[Your assignment] Take the lines below between the one holding "0.55 Rigid Pipe" and the one holding "The Faimont Banff Springs", inclusive, and copy them exactly. Add nothing.

[[ Given data open ]]

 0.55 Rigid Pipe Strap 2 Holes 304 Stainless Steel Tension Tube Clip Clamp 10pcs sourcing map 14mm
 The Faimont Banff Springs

[[ Given data closed ]]
[[ Given data open ]]

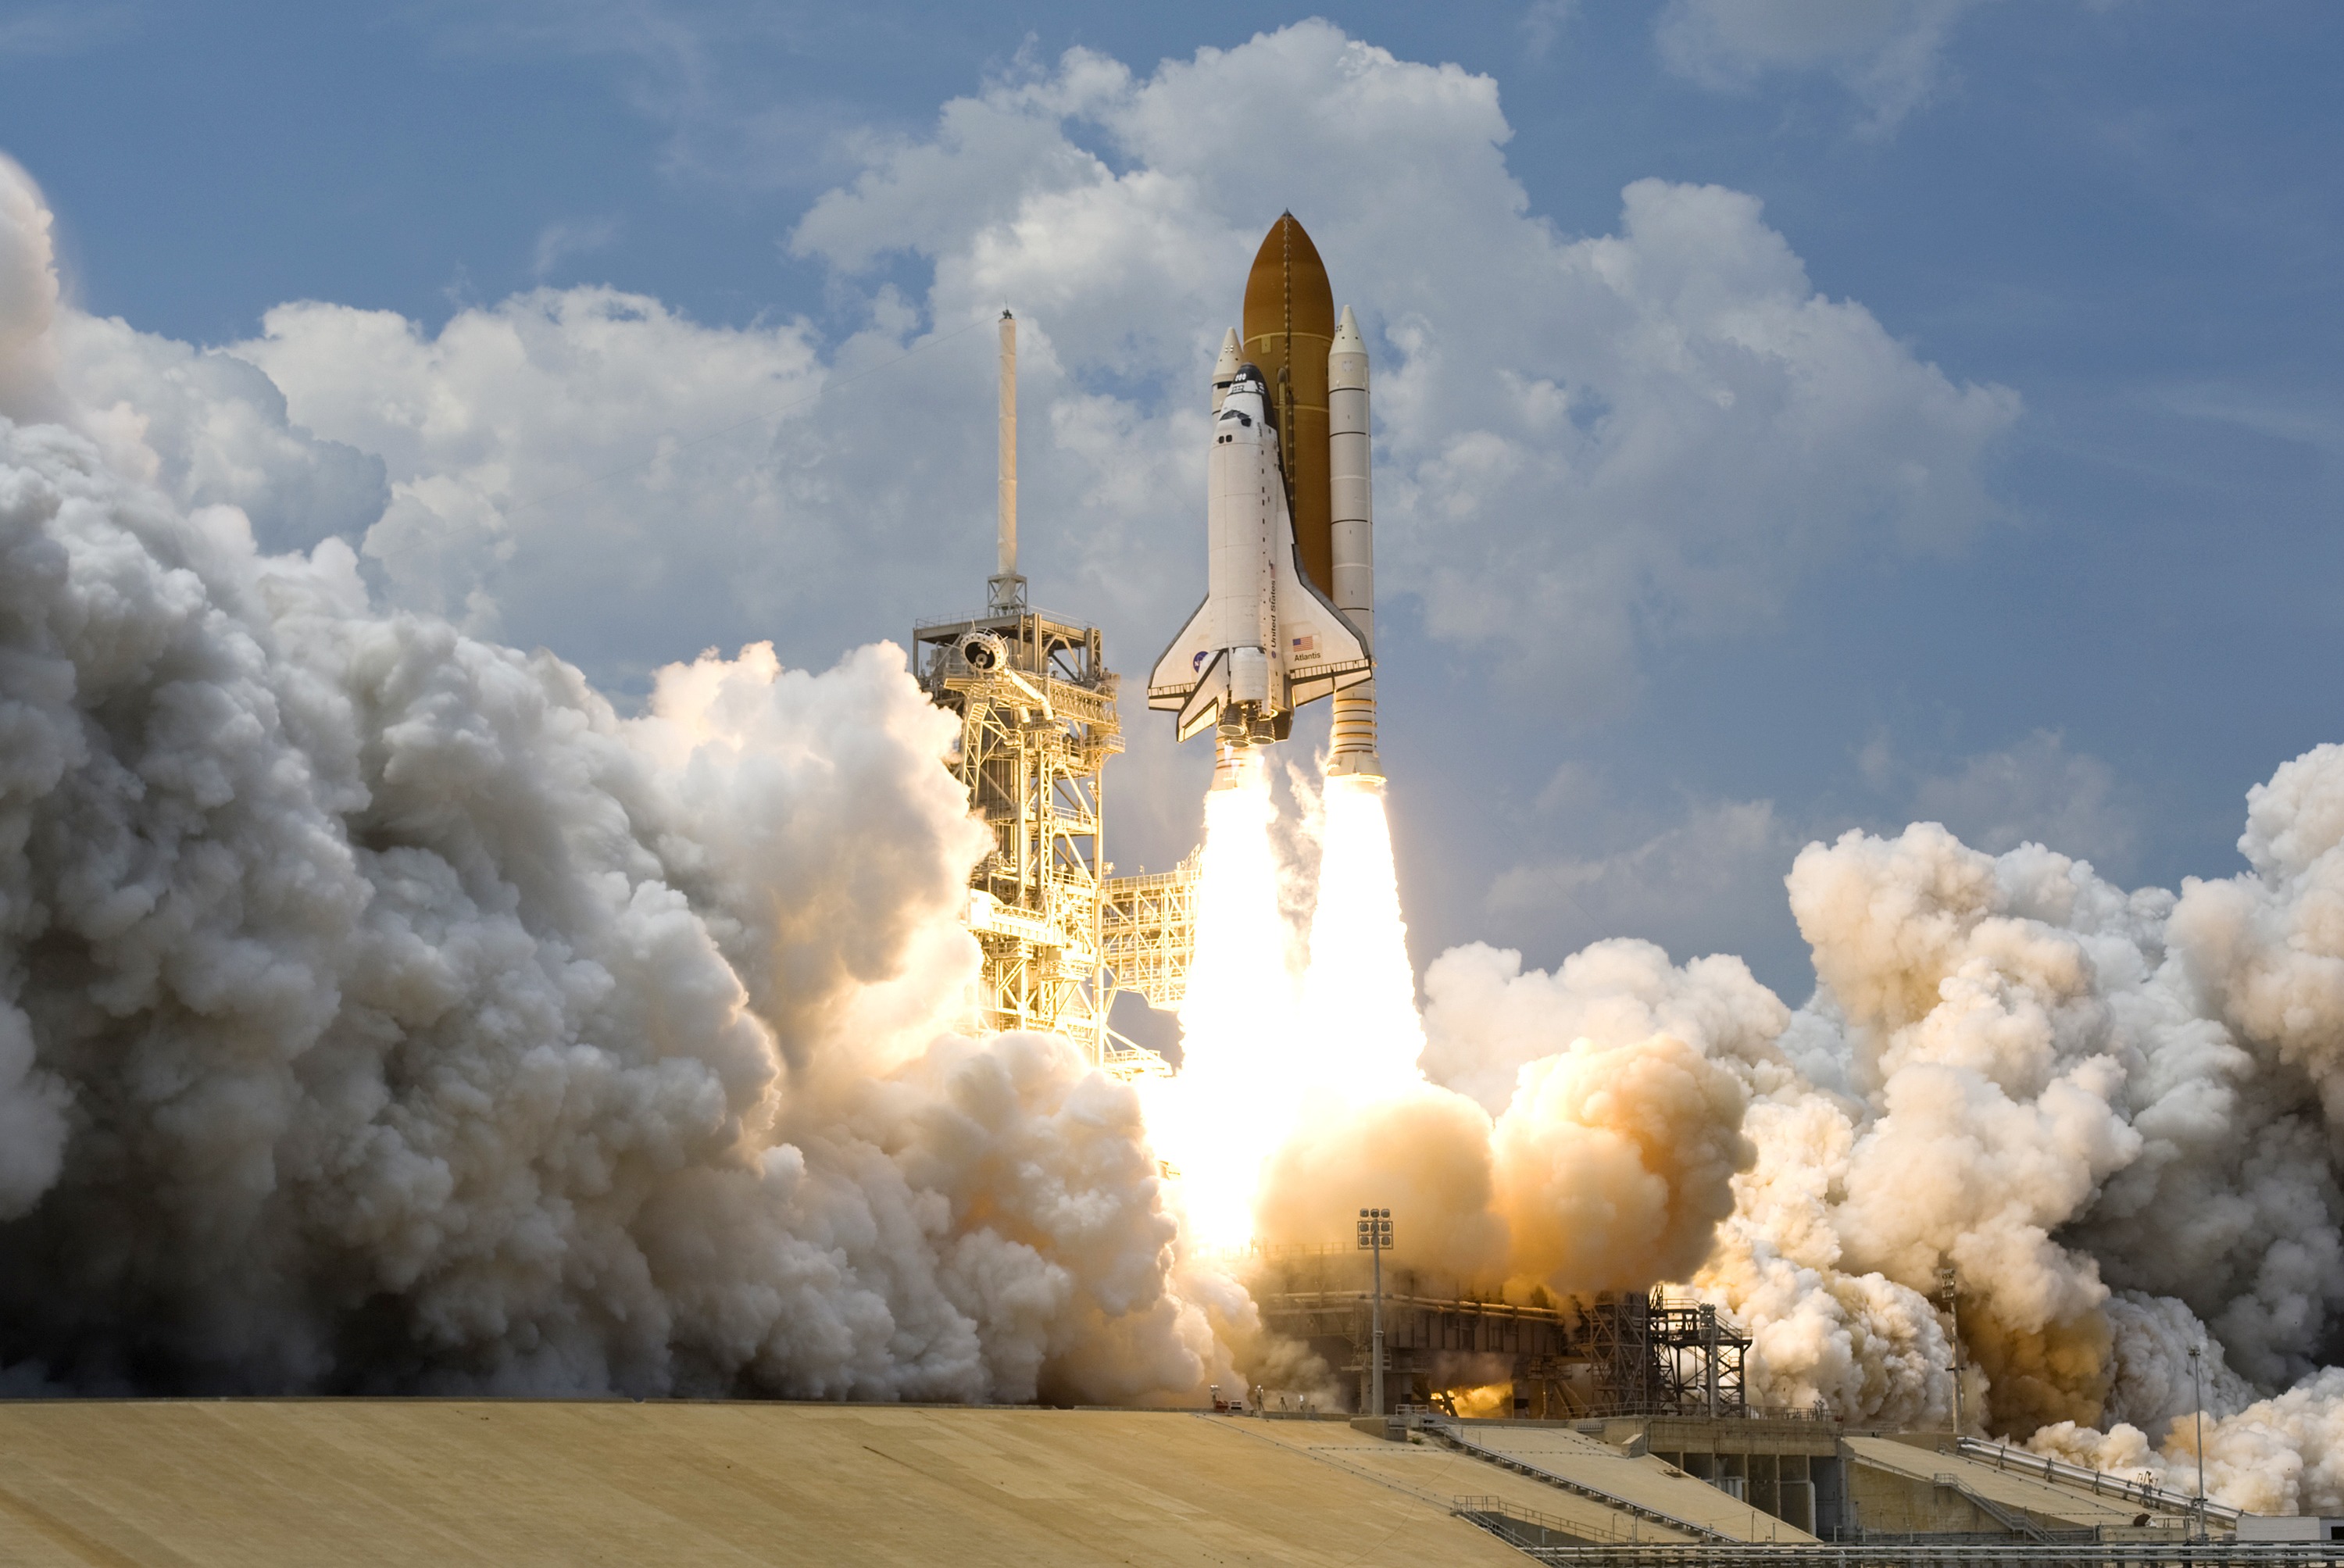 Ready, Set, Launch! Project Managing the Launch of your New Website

[[ Given data closed ]]

[Answer space]
 0.55 Rigid Pipe Strap 2 Holes 304 Stainless Steel Tension Tube Clip Clamp 10pcs sourcing map 14mm
 The Faimont Banff Springs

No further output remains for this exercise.